A page from a copy of The Shahnameh of Shah Tahmasp, attributed to Mohammad Gadimi Gilani, between 1525 and 1530 AD, Tehran Museum of Contemporary Arts,
Flatnesss of Zahhak’s throne seems that has what persuaded Peyman Shafieezadeh to examine its solidity, stability and steadfastness. The fact that the throne was formerly assumed by Zahhak tempted me to remind you to “bring brain with yourself”; Perhaps and probably, you would also be tempted to tear scrolls.
3. One and two hundred and fifty chairs, an appropriation of “One and three chairs” by Joseph Kosuth
“Jay-gah” is an arrangement of miniature becoming critical in the scale of sight. In his work, Peyman draw the relation between power and “surface” to the tensions caused by the inflation of “volume”; the same inflation which, with the mediation of destruction of volume, in distorting the representation of power is infused with suspicion of eternity, in a manner that if a throne is always a throne, assuming it will work out, free from harm.

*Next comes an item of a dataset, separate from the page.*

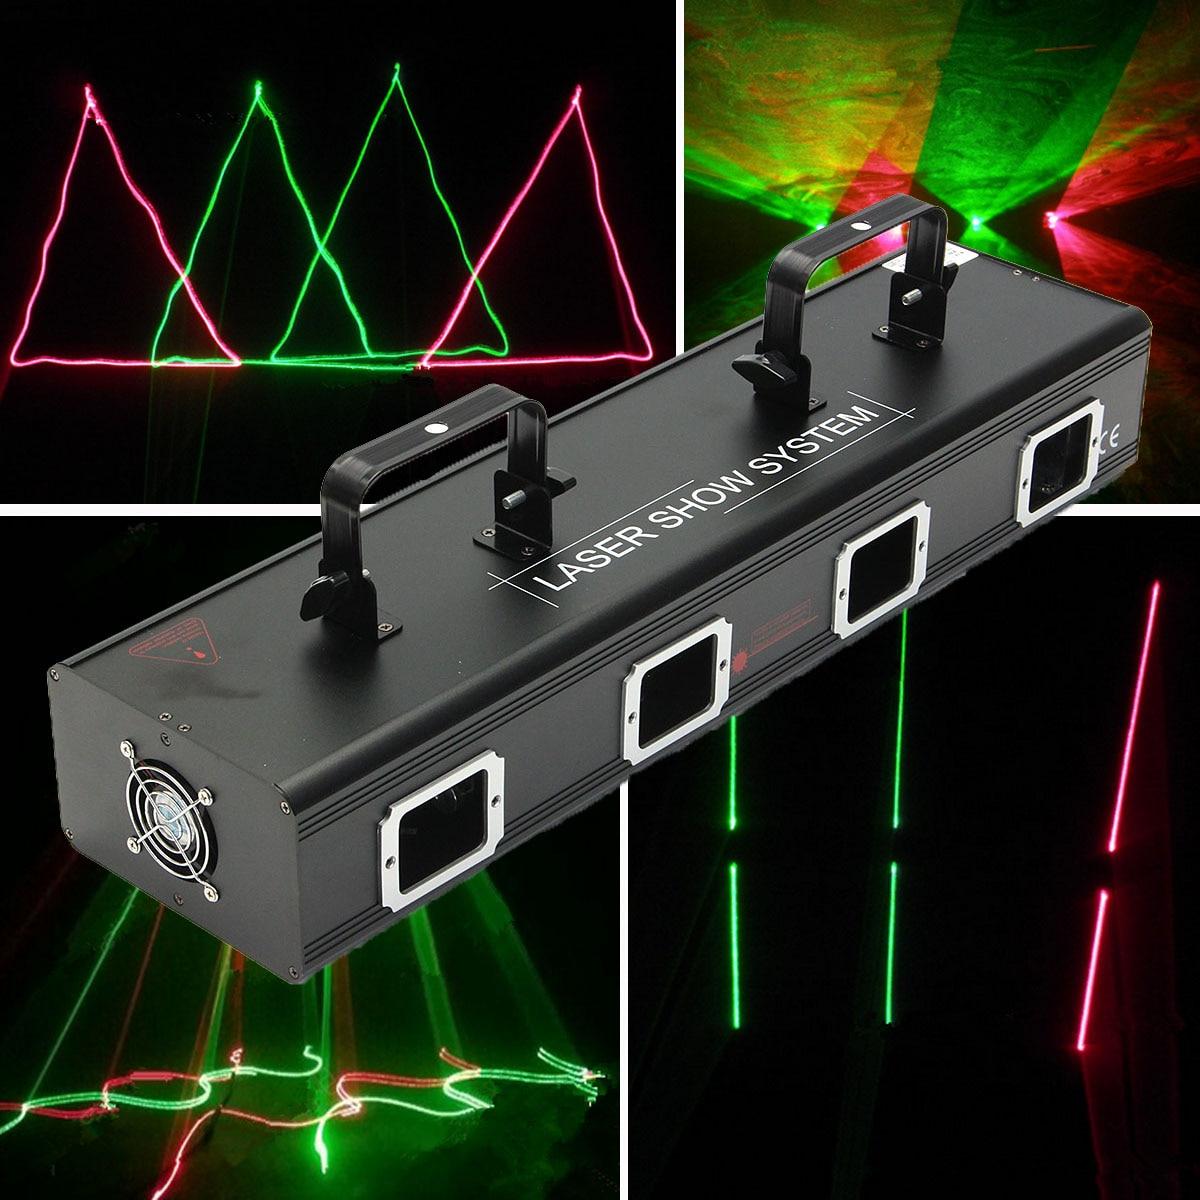 Mising Professional 30W Laser Light Show System 110V Stage Lighting Effect RGB Light Lamp For DJ Stage KTV Club Bar Party Pub

However kings, in Shahnameh;“the Book of Kings” the likes of Jamshid, Zahhak, Fereydoun, Keykhosrow, Nowzar, Afrasiab, Keykavous, Bahman, Darab, Gashtasb and many more, would rise and fall within the verses of poems, how is it not clear why they all slipped on these thrones? Perhaps because it is the matter of one and three thrones rather than merely one throne. One of which is Zahhak’s throne, the other is the one Ferdowsi, the poet, has written in his poetry and the last is the one Mohammad Ghadimi Gilani has depicted. Nevertheless that “one throne” is the one Kaveh had overthrown the one that Peyman Shafieezadeh shows, no need to be overthrown, since it does not seem to be the seat of stability and solidity. Although no matter from which angle one looks at it, somebody appears to be assuming it: Nasser-el-din shah is sitting by the stairs, Churchill is sitting and painting, electric chair is waiting for the convict and Vladimir Lenin, sitting on his wheelchair, is gazing steadily at nowhere. One is Sigmund Freud’s chair, other chairs and dining table at Dr Mohammad Mosaddeq’s home of exile in Ahmadabad Castle, Che Guevara, on a tractor seat ploughing his utopia, looks like Kaveh, and Simone de Beauvoir, who is sitting by Sartre’s grave, in tears. Picasso, Rembrandt, Dali, Magritte, Freud, Bacon, Wilson, Morris, Braque, Eloir, Warhol, Sally Mann, Weston, Beuys and Fotouhi are also there, with their chairs and Gaddafi, Bin-Ali, Stalin, Hitler and chauchescu are, as well, seated.
In spinning the piece I attempted to weave the essence of “volume” into a cube, as its simplest presentation, and to weave the “throne” into a chair, so that, on square carpet of Kandovan, one would fold each six in the order of a cross to form a chair of paper and awareness.
…
4. Sohrab Mahdavi and I were looking for an appropriate translation for ‘curating’. The reason for the quest was not merely our obsession to write properly in Farsi, we could not “understand” the way of understanding it in Farsi. After plenty of suggestions, which all had been disapproved for different reasons, Sohrab proposed “dabbaghi” which translates to “tannery”. It was better than the rest though the problem, to me, is the awful odour of the term. Tanning is processing; we might not be able to find a term closer than this, although in this manner what occurs to an artwork through the process of tanning makes it impossible to access its original nature again; leather will never transform into animal skin again.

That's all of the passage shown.